1. It is insisted that the statute of limitations had run in favor of the tax deeds, and therefore that the title of defendants should be 765 held perfect and the bill dismissed. It is conceded that, according to the opinion expressed by the supreme court of the state of Nebraska in a case lately decided, to-wit, Taylor v. Courtney, reported in 16 N. W. Rep. 842, the statute of limitations would not protect the deeds; but it is claimed by counsel for defendants that such decision is erroneous, and not binding on this court. I cannot agree with counsel in this. The decision is a construction by the highest tribunal of the state of the effect of its statutes upon its tax proceedings, and as such I think should be followed by this court. The interlocutory decree in this respect was right, and must be adhered to.

2. The master in his conclusions seems to have been of the opinion that the defendants were entitled to be reimbursed only such taxes paid by them as were supported by proceedings technically perfect, resting, perhaps, upon the language of the reference to him to report “the amount of legal taxes.” In this I think he is mistaken. This is an equitable action, and in it each party must be required to do equity. The court will inquire, not simply as to the legal, but also as to the equitable, rights. Every owner of property owes the duty of contributing in taxes his just proportion of the expenses of maintaining the government. The complainant in this case neglected that duty, and the defendants discharged it for him. The state has a lien on the land for all taxes until they are paid. Comp. St. Neb. p. 426, § 138. When paid by other than the owner of the land, the state must be considered as transferring its lien to such party; and the only way in which equity should relieve the owner from the burden of such lien is by payment. It will not do to say that if, in consequence of the defects in the proceedings, the lien was in no condition to be enforced by the state, the purchaser at the tax sale took nothing; because it is within the undoubted power of the state, if tax proceedings are defective, to renew them again and again, and until they result in the payment of the tax. If one, without stopping to question the regularity of the proceedings, comes forward and pays the tax, he ought to be entitled, not merely to the benefit of the proceedings then already had, but also to the full benefit of all the state' rights. The inquiry, therefore, is not whether the taxes are legal in the sense that the proceedings are all regular and correct, and such that a full title to the land could be obtained by carrying them on to completion, but whether they are legal in the sense that they are just and equitable impositions upon the land. In other words, was the land subject to taxation? was the tax authorized by law and imposed by the proper tribunal? were the proceedings so far in substantial compliance with the statute that the court can see that, equitably, the lot-owner should have paid the taxes,—that they were simply his just contribution to the support of the government? If so, before the court will relieve him from the cloud of a tax deed, it should require payment by him of such taxes and interest.
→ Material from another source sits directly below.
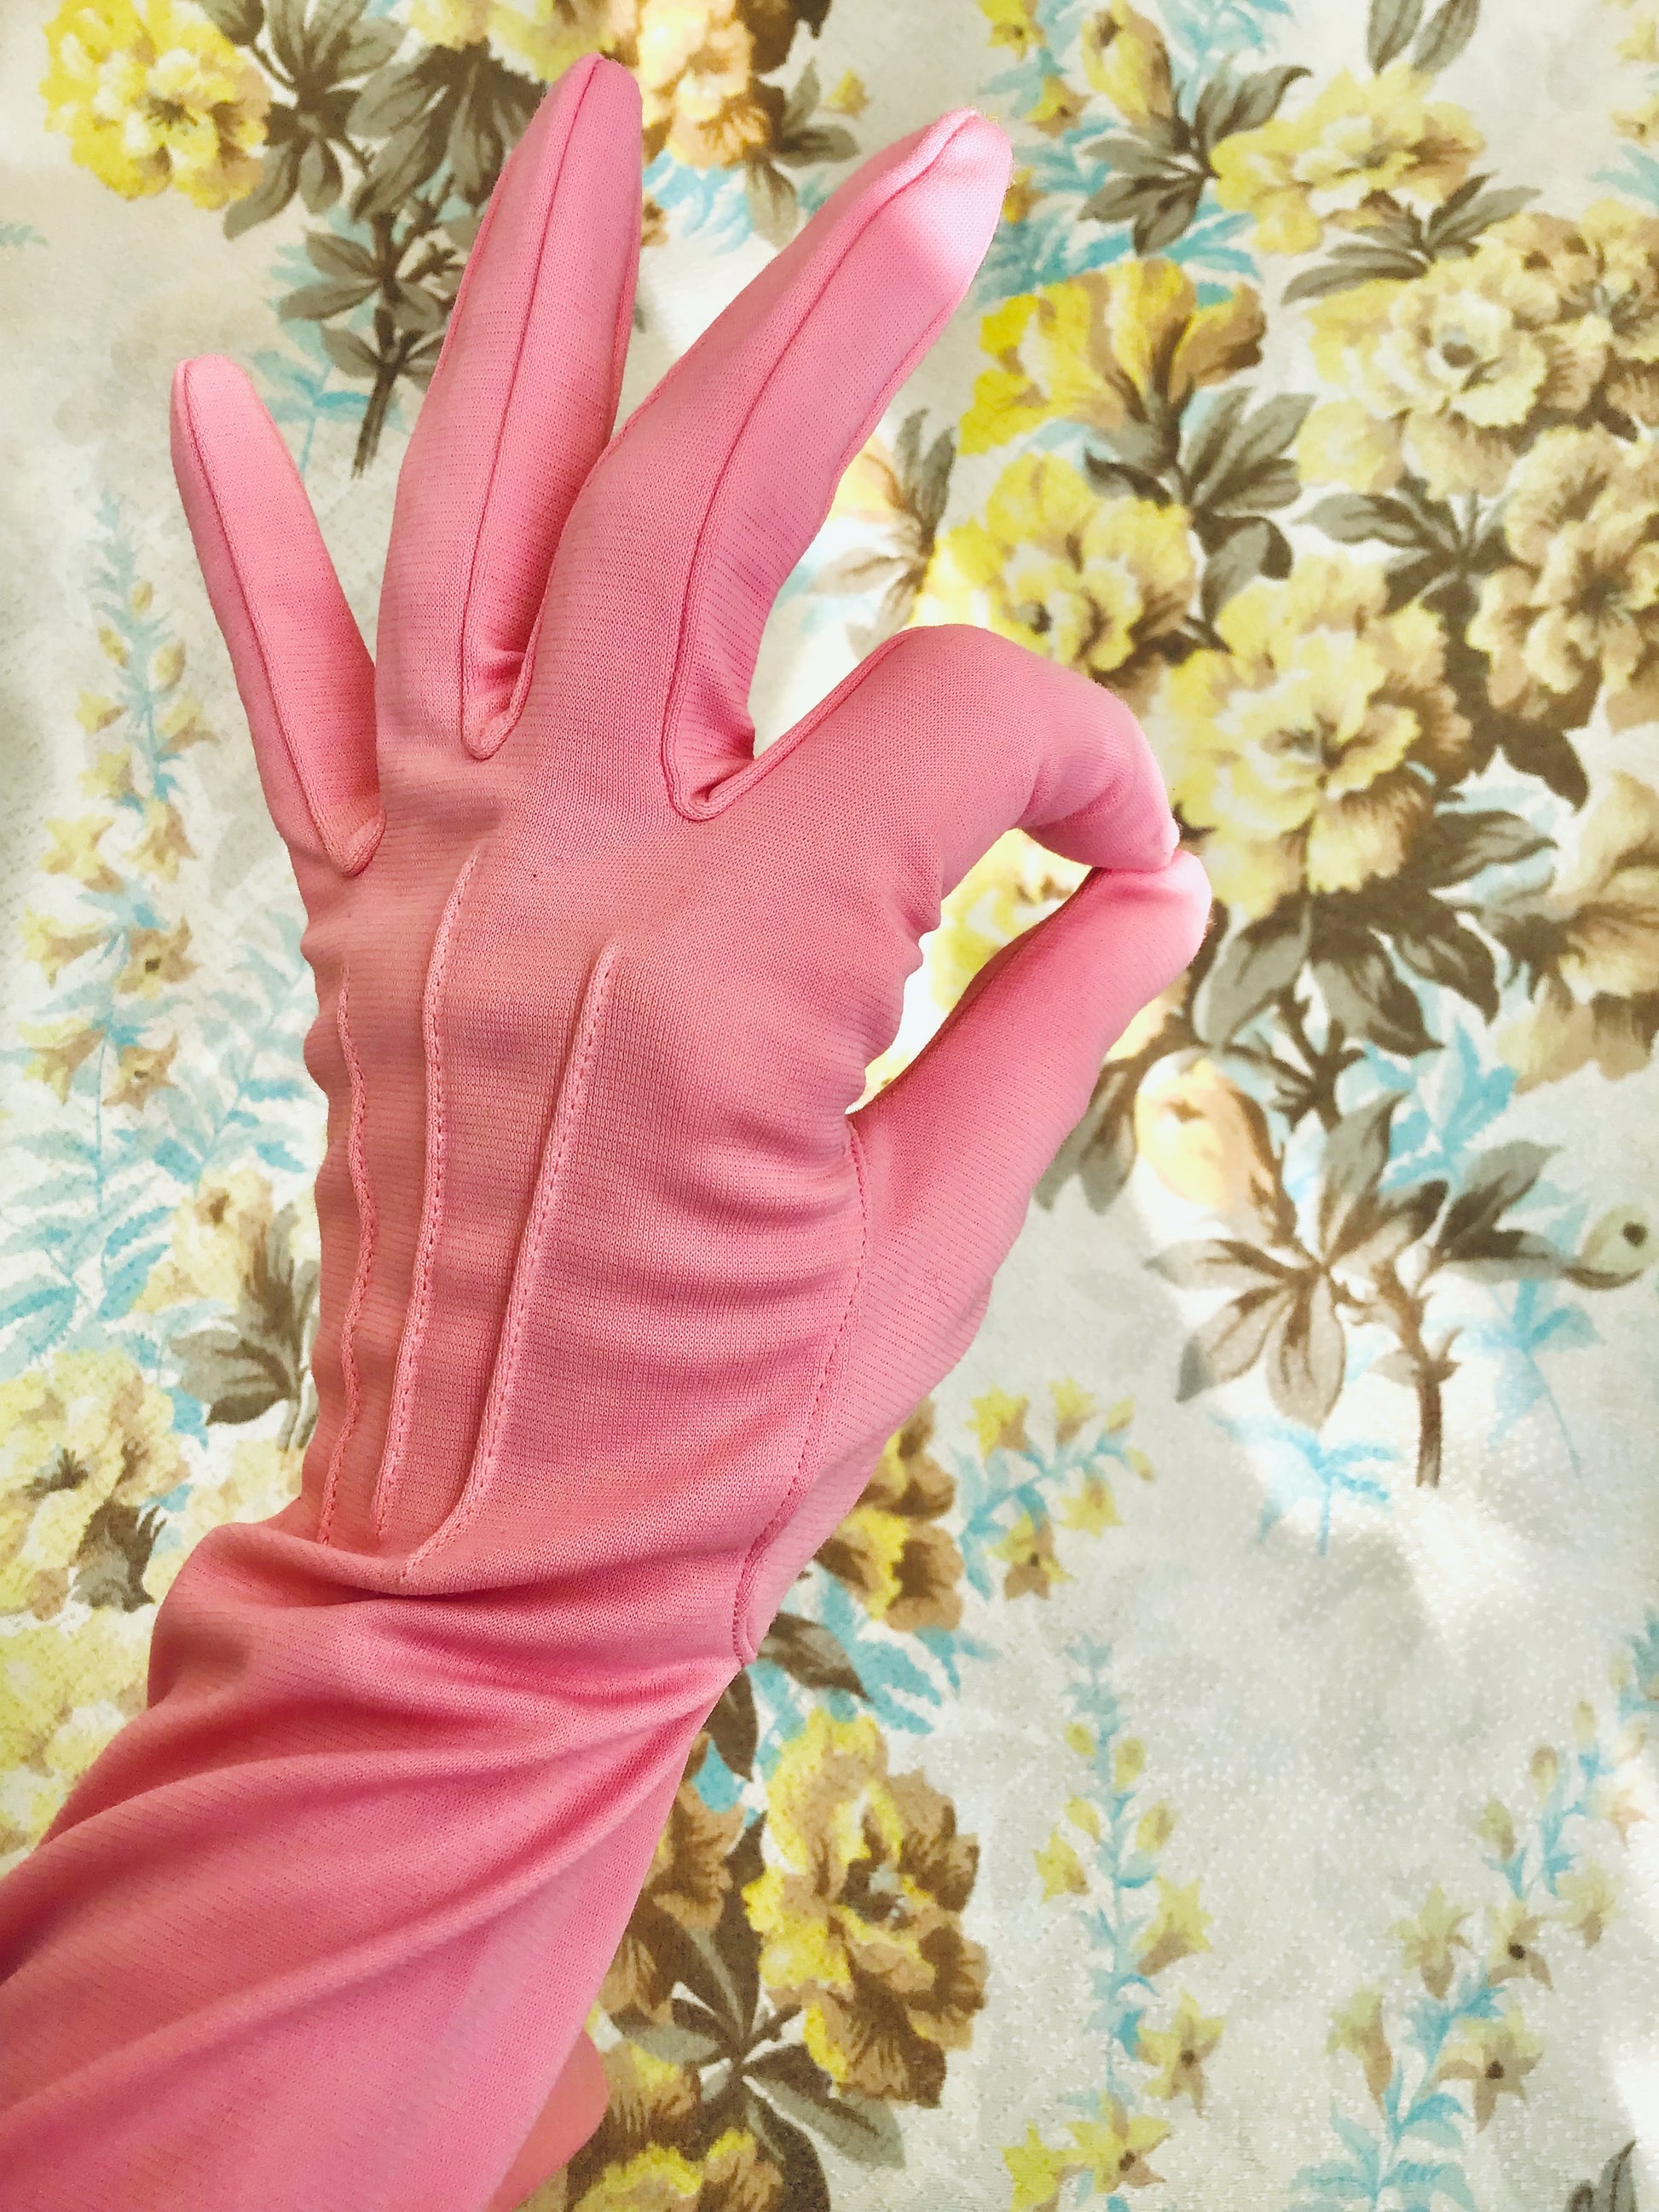 Buy Candy pink vintage cocktail party gloves
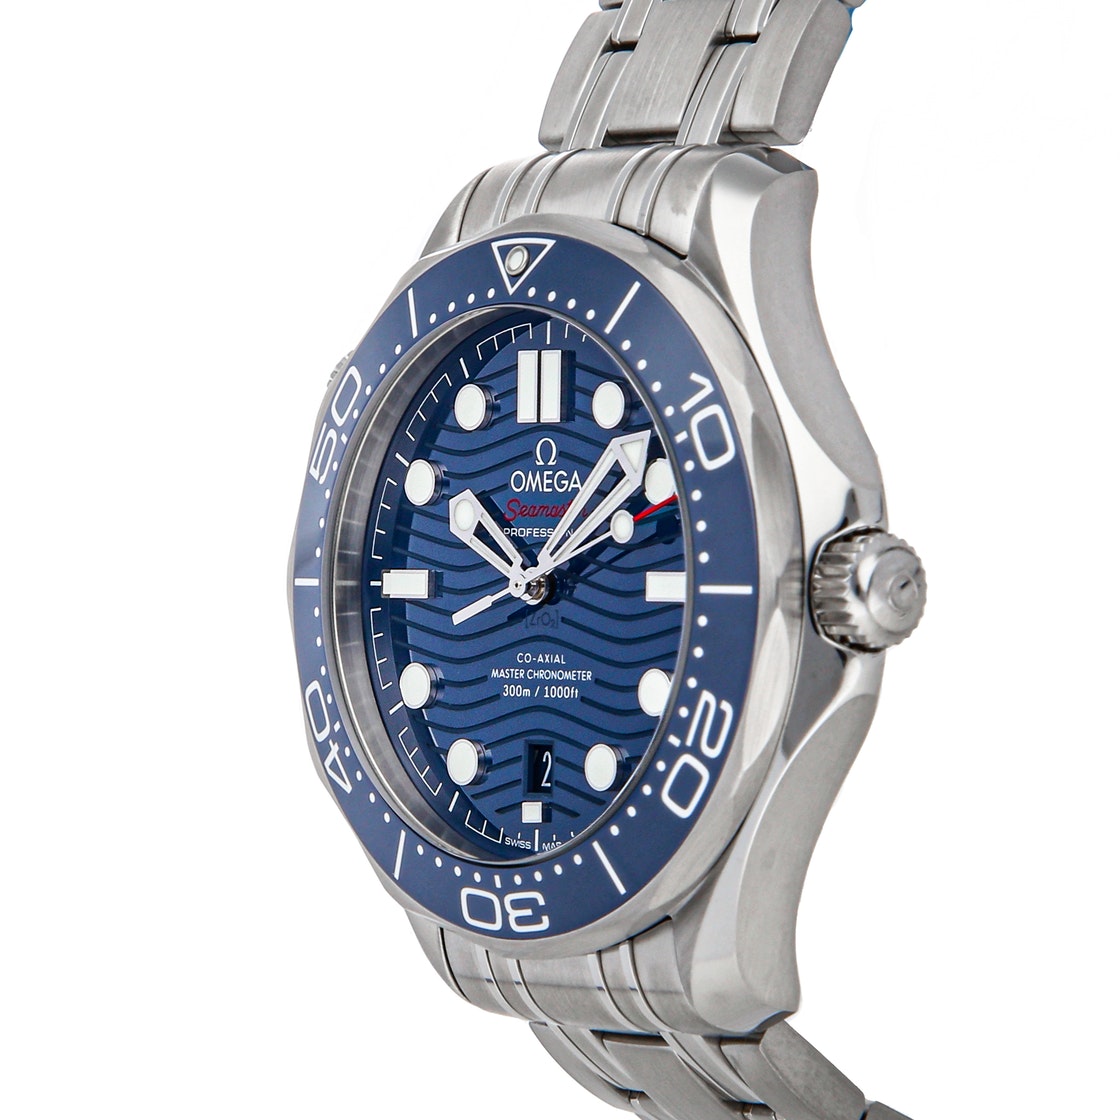 

Omega Blue Stainless Steel Seamaster Diver 300m 210.30.42.20.03.001 Men's Wristwatch 42 MM

For these reasons the exceptions of the defendants will be sustained 766 to the report of the master, so far as it disallows them any taxes on the ground of mere irregularity in the tax proceeding; in all other respects it will be confirmed. The account will then stand thus

Amount of taxes paid and interest to February 25, 1884, $1,182 03
Less $12 of the tax of 1876, and interest thereon to February 25, 1884, $7, 19 00
  $1,163 03
Due complainant for rent and interest, 326 09
Balance $836 94

The decree will therefore be entered quieting complainant' title, upon the payment of this balance, with interest at 7 per cent, from February 25, 1884, within 60 days; and, in default of such payment, the defendants will be entitled to an order of sale therefor. The costs of this case will be divided equally between the parties.